RECORDED INFORMATION ::
══════════════════════════════

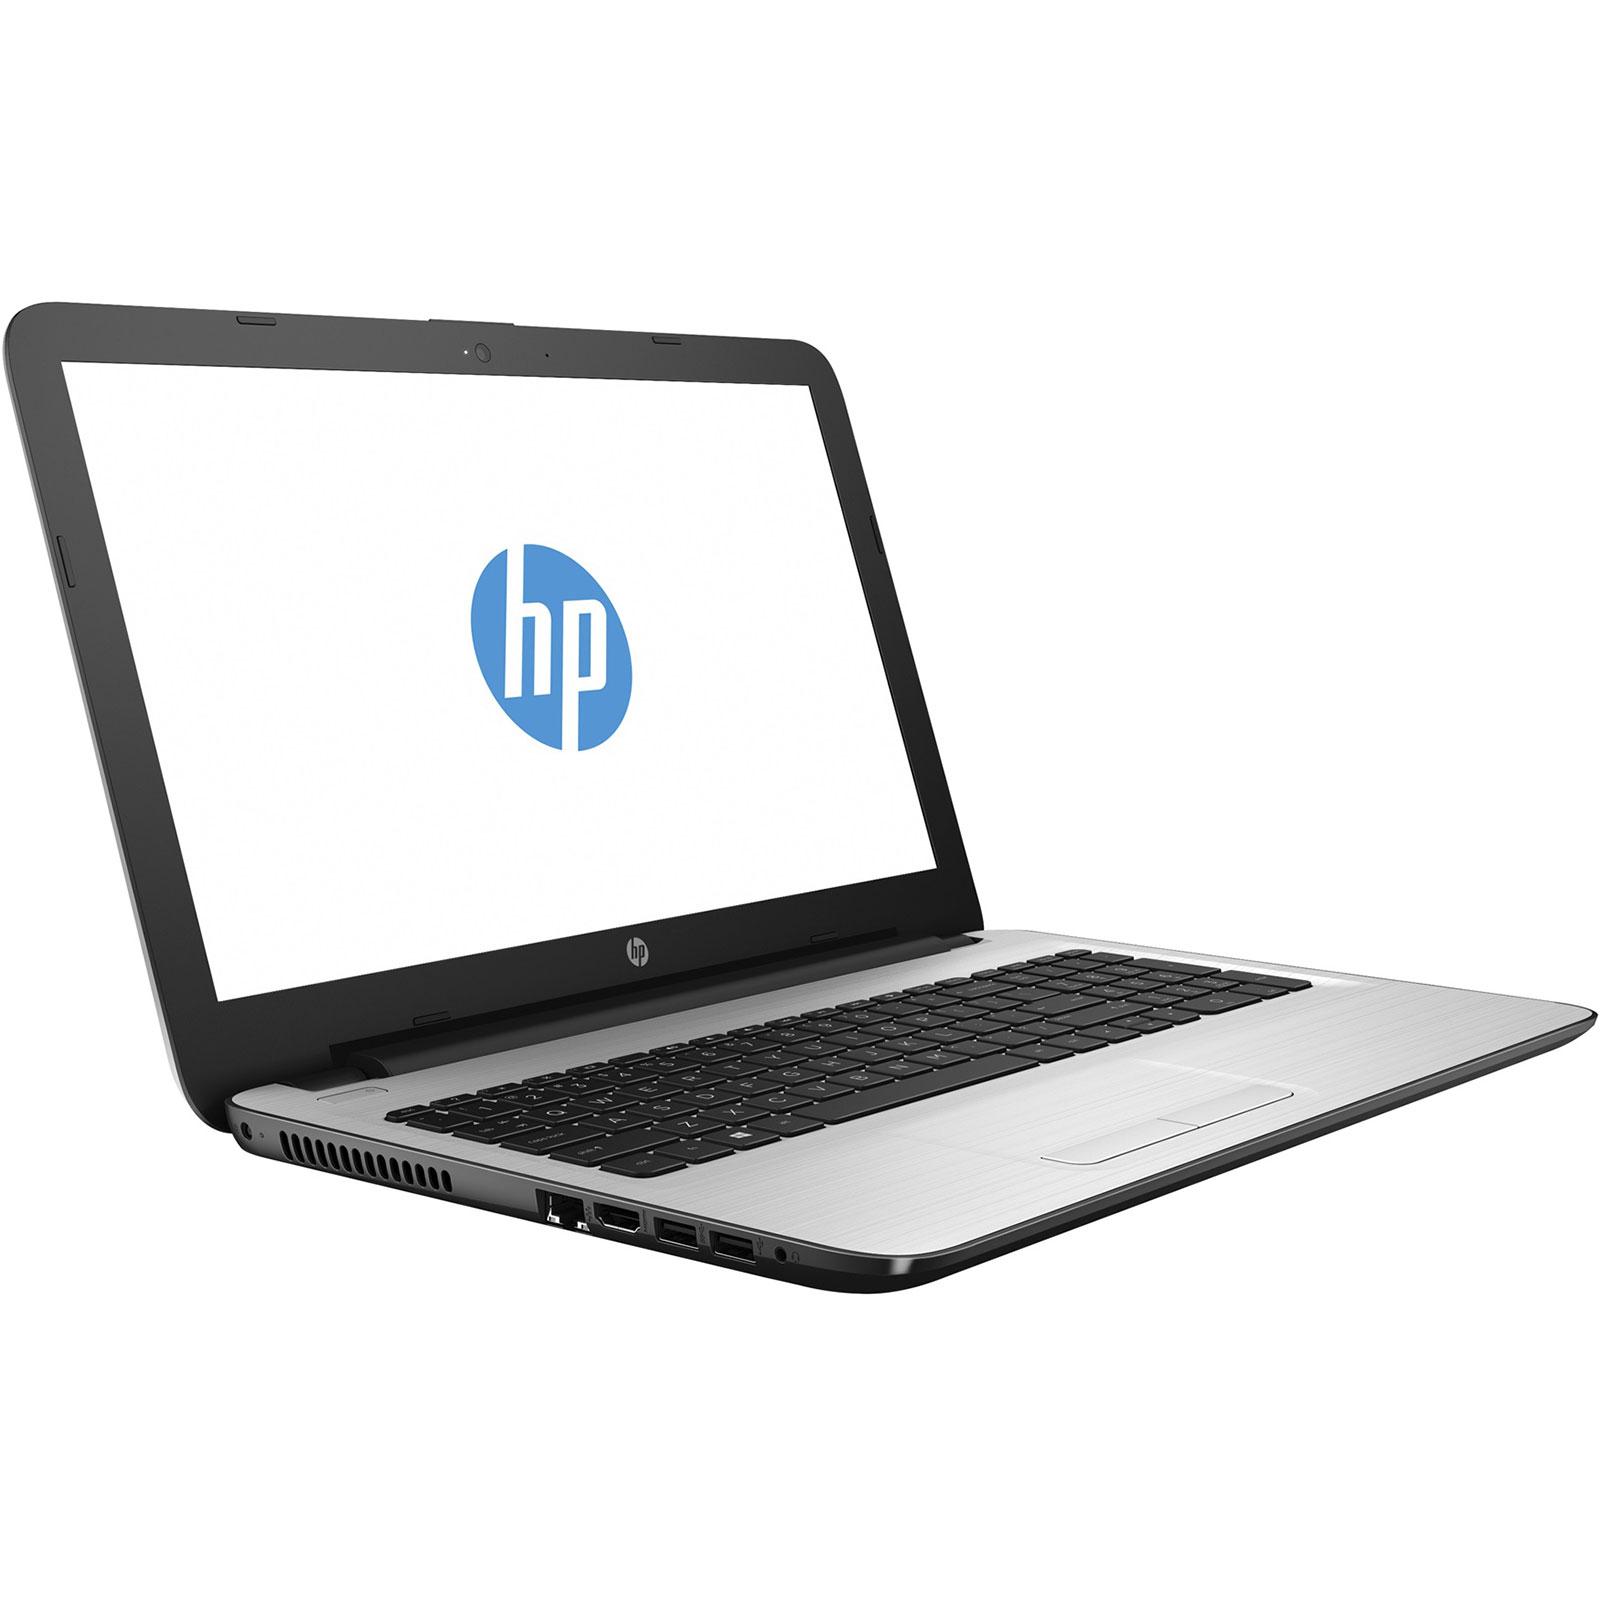 ordinateur portable hp blanc 15.6 pouces
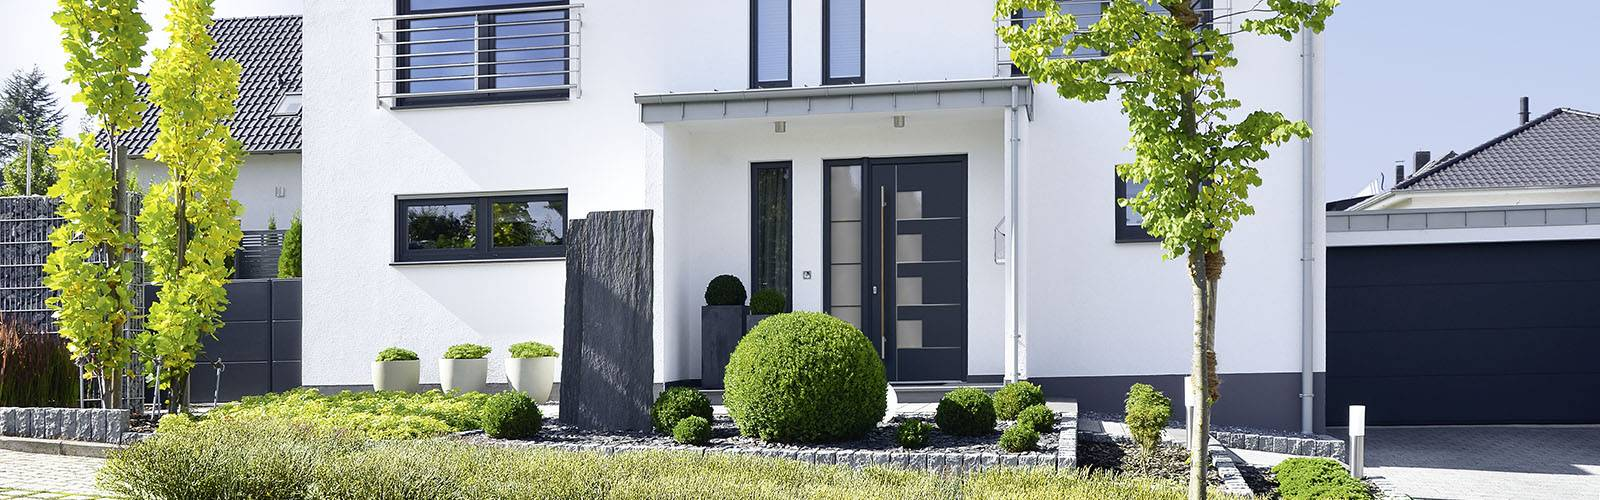 Haustüren anthrazit modern  Porta Fenster - Bauelemente & mehr :: Haustüren
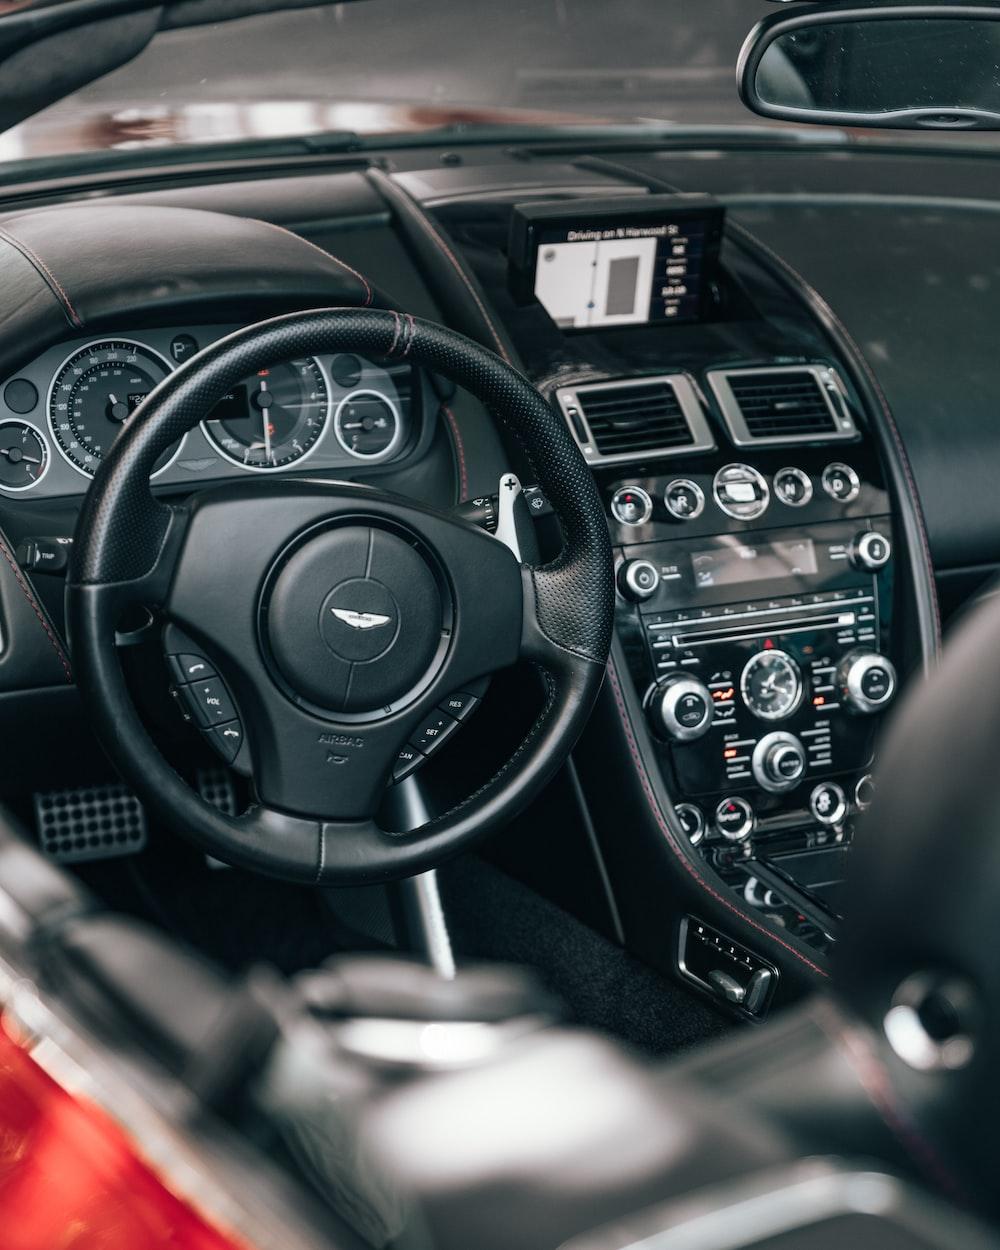 black Aston Martin steering wheel

══════════════════════════════

EXERCISE AIM ::
Give the material above again exactly as it stands, minus any images.

SOLUTION ::
 ordinateur portable hp blanc 15.6 pouces
 Haustüren anthrazit modern  Porta Fenster - Bauelemente & mehr :: Haustüren
 black Aston Martin steering wheel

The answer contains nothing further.